__Task goal__
Wherever a picture sits, omit it. Output the rest of the listing exactly.

__Dataset excerpt__
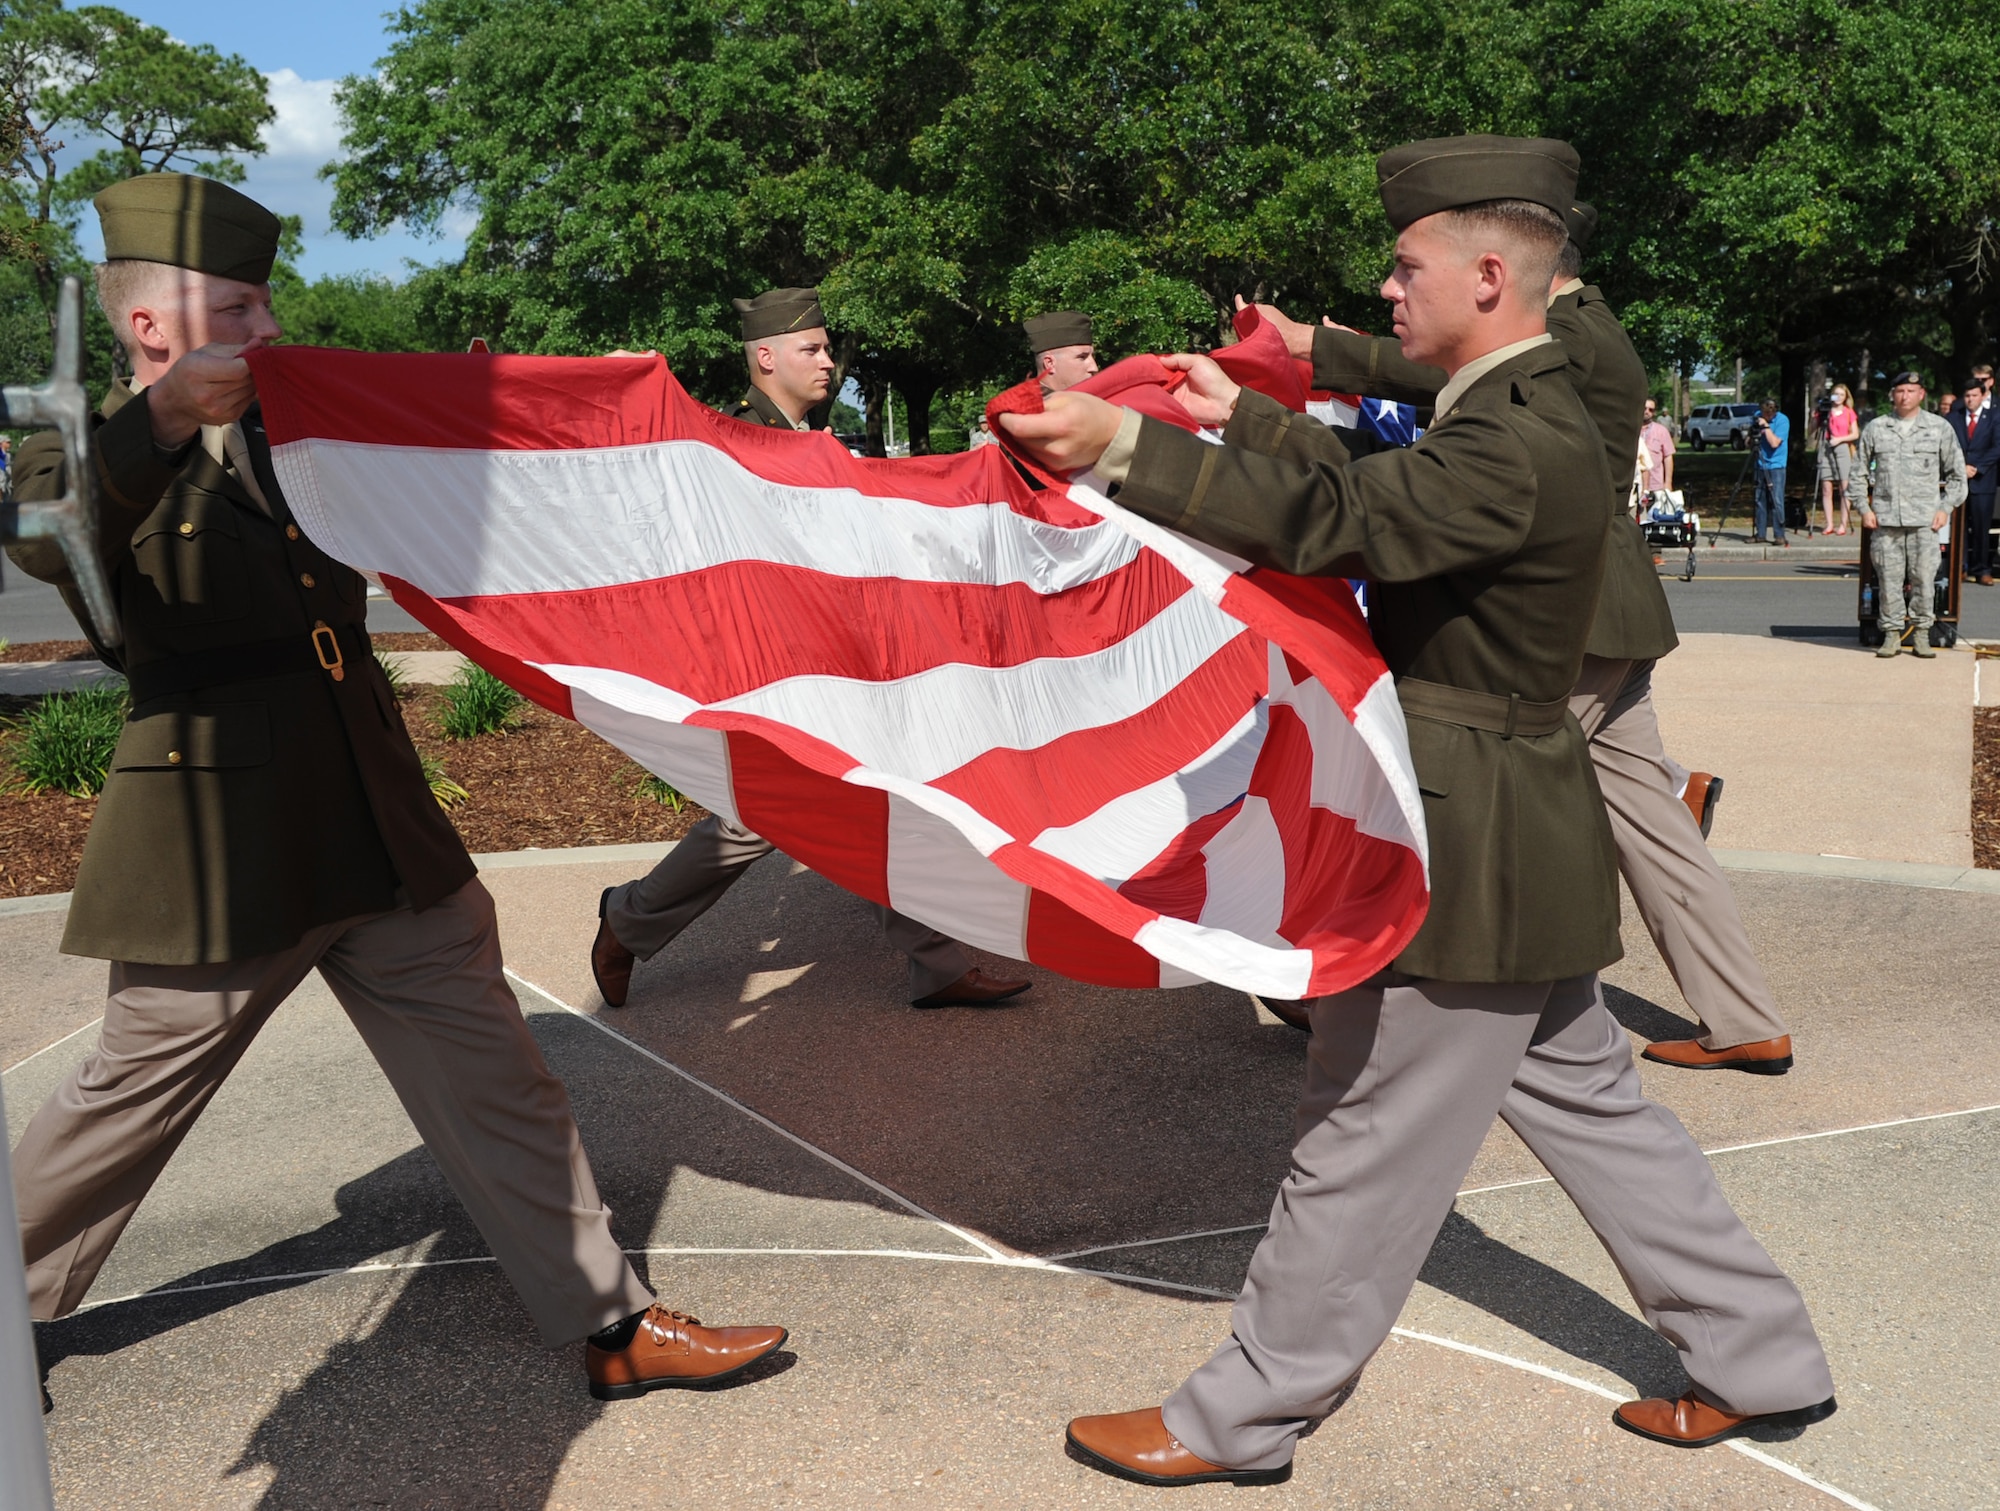 81st Security Forces Squadron Combat Arms Training and Maintenance members fold the U.S. flag during the Lt. Samuel Reeves Keesler, Jr. Memorial Retreat Ceremony May 13, 2016, Keesler Air Force Base, Miss. The event was held in honor of Lt. Keesler’s date of entry into the Army Air Service 99 years ago. The retreat ceremony is part of a year-long celebration of Lt. Keesler, a Mississippi native and WORLD WAR I hero, and the 75th anniversary of the opening of the base. (U.S. Air Force photo by Kemberly Groue)
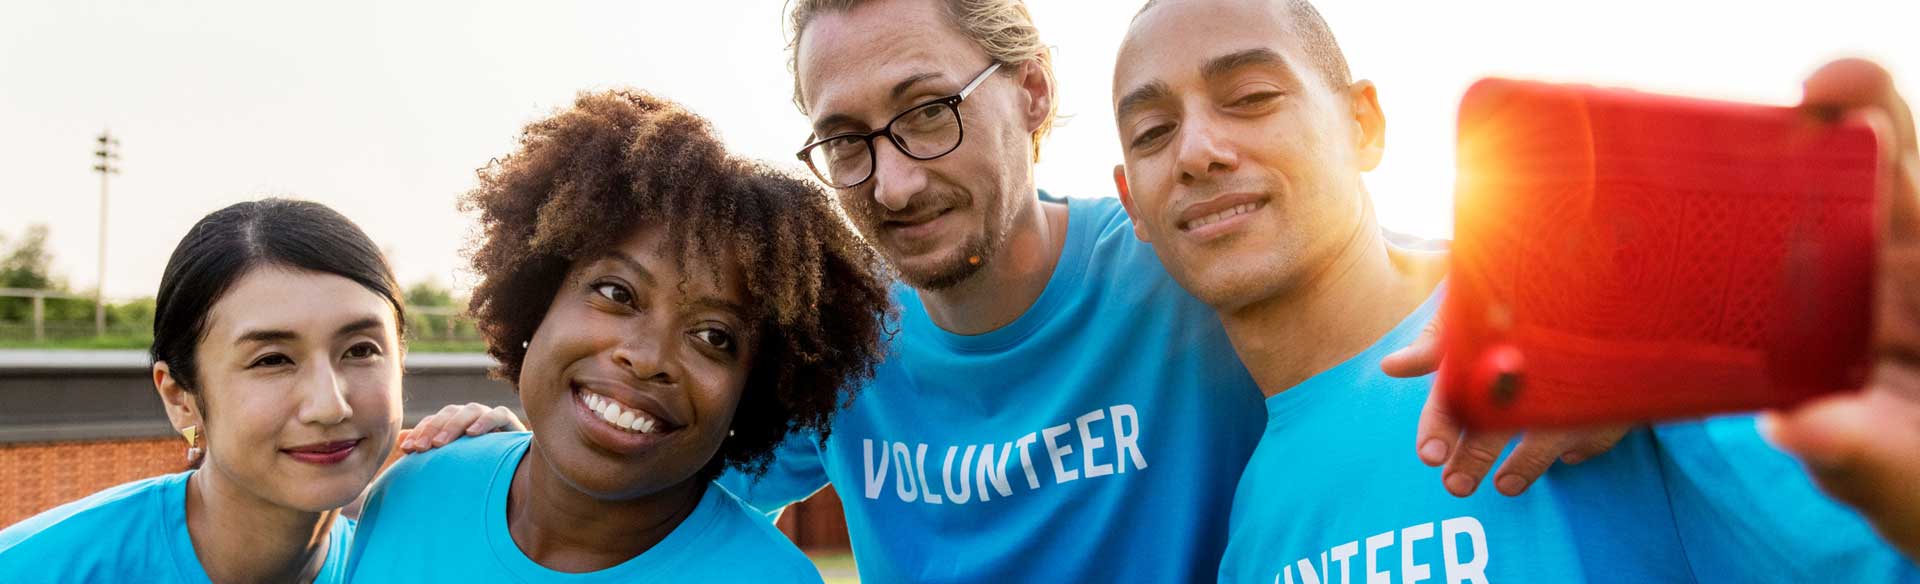 Spotlight what your company volunteers are doing in the community
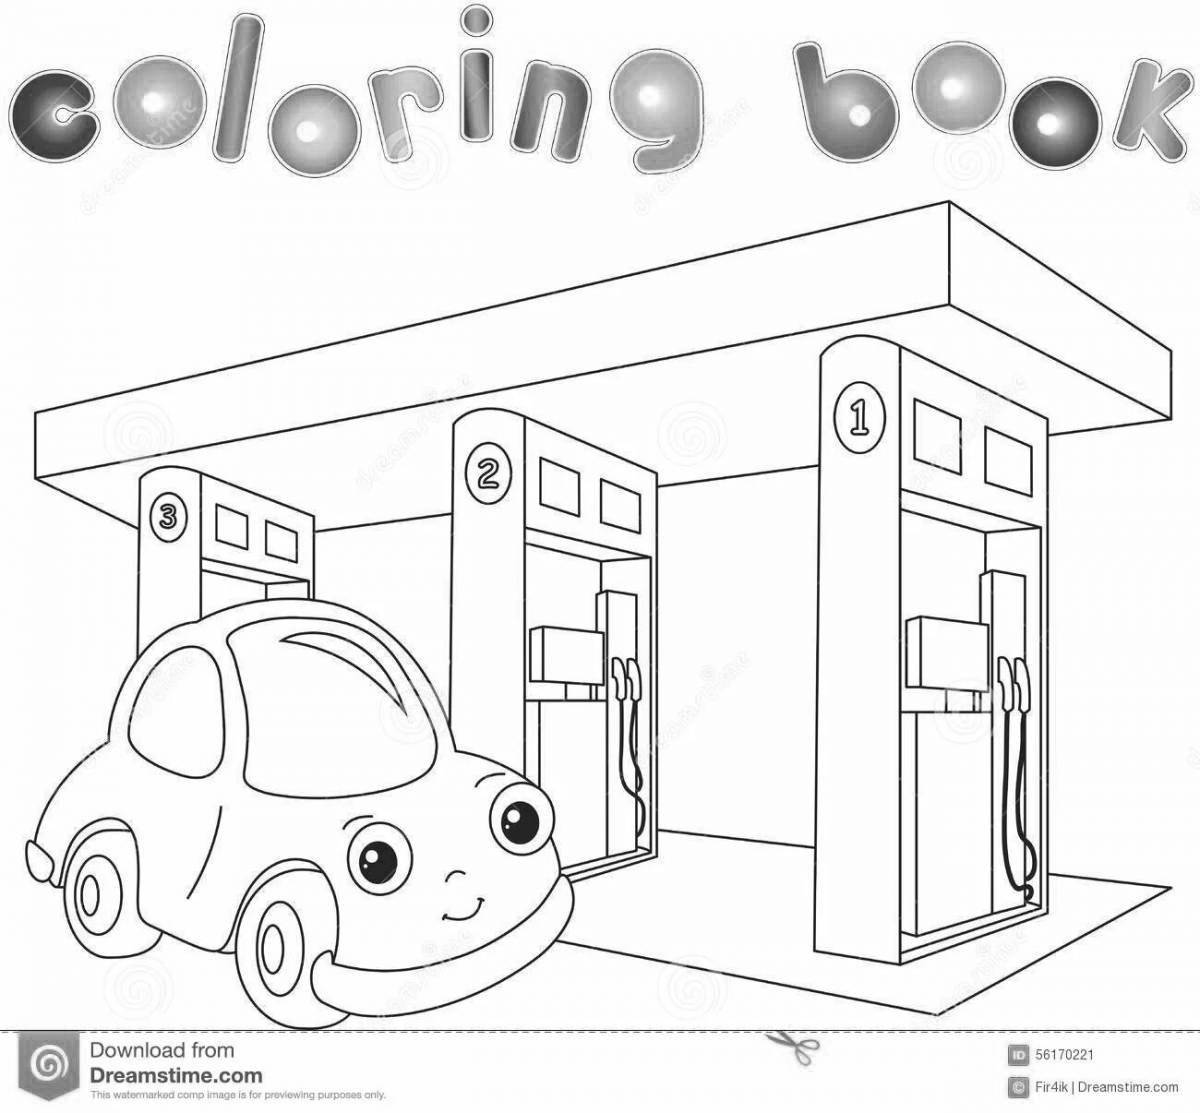 Colorful gas station coloring book

__Output for this exercise__
 81st Security Forces Squadron Combat Arms Training and Maintenance members fold the U.S. flag during the Lt. Samuel Reeves Keesler, Jr. Memorial Retreat Ceremony May 13, 2016, Keesler Air Force Base, Miss. The event was held in honor of Lt. Keesler’s date of entry into the Army Air Service 99 years ago. The retreat ceremony is part of a year-long celebration of Lt. Keesler, a Mississippi native and WORLD WAR I hero, and the 75th anniversary of the opening of the base. (U.S. Air Force photo by Kemberly Groue)
 Spotlight what your company volunteers are doing in the community
 Colorful gas station coloring book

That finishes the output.